§ Data shown:

——————

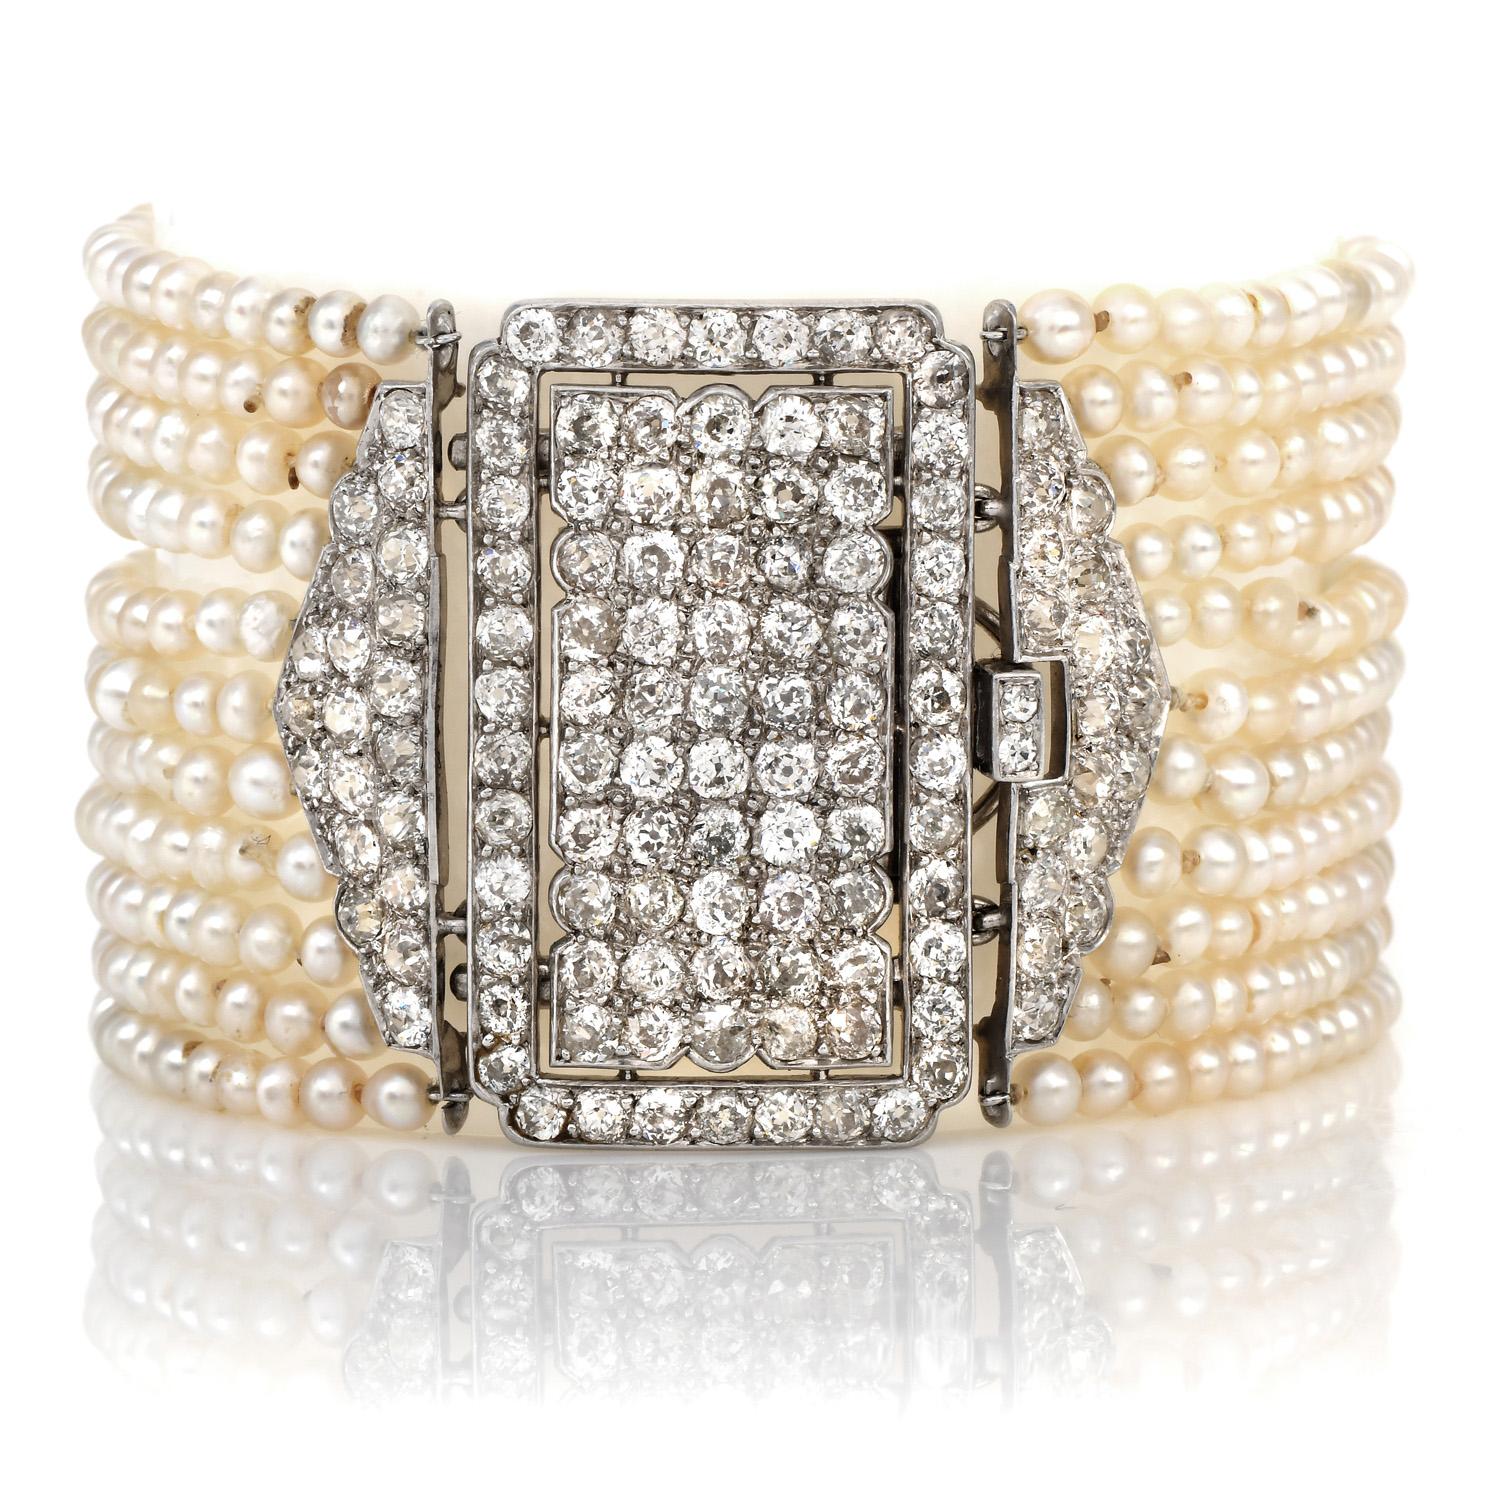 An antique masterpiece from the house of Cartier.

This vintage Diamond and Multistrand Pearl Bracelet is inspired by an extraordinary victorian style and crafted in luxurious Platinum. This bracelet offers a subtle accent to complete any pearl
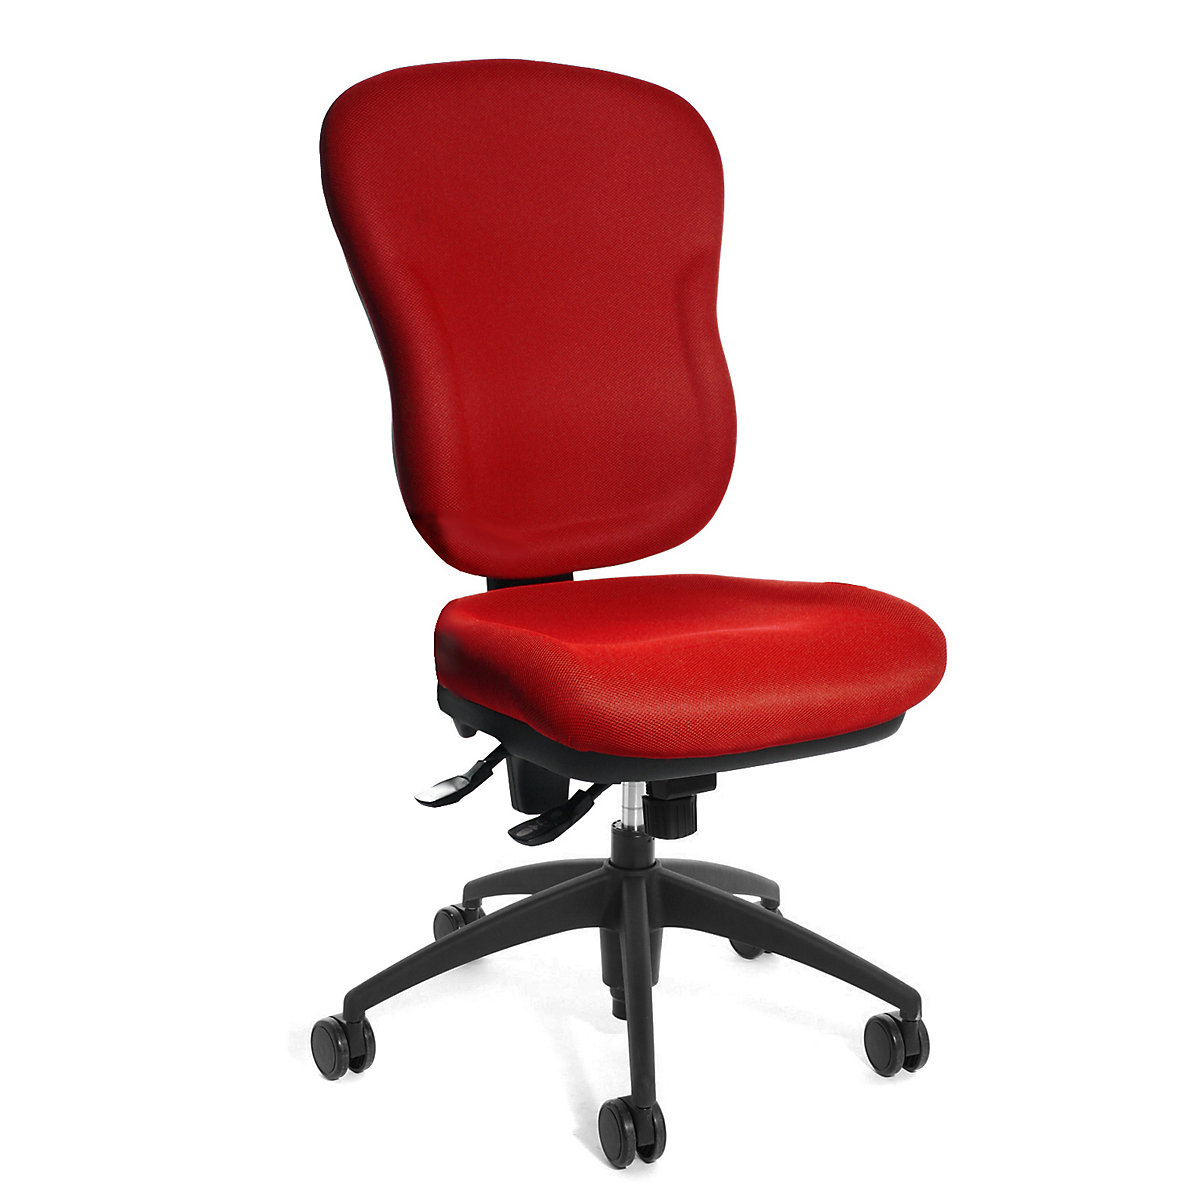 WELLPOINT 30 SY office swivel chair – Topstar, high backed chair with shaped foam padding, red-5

——————

§ Brief: Verbatim output, no pictures: the line holding "This vintage Diamond" and all lines after it through the last line of the material, with nothing else.

§ Answer to the exercise:
This vintage Diamond and Multistrand Pearl Bracelet is inspired by an extraordinary victorian style and crafted in luxurious Platinum. This bracelet offers a subtle accent to complete any pearl
 WELLPOINT 30 SY office swivel chair – Topstar, high backed chair with shaped foam padding, red-5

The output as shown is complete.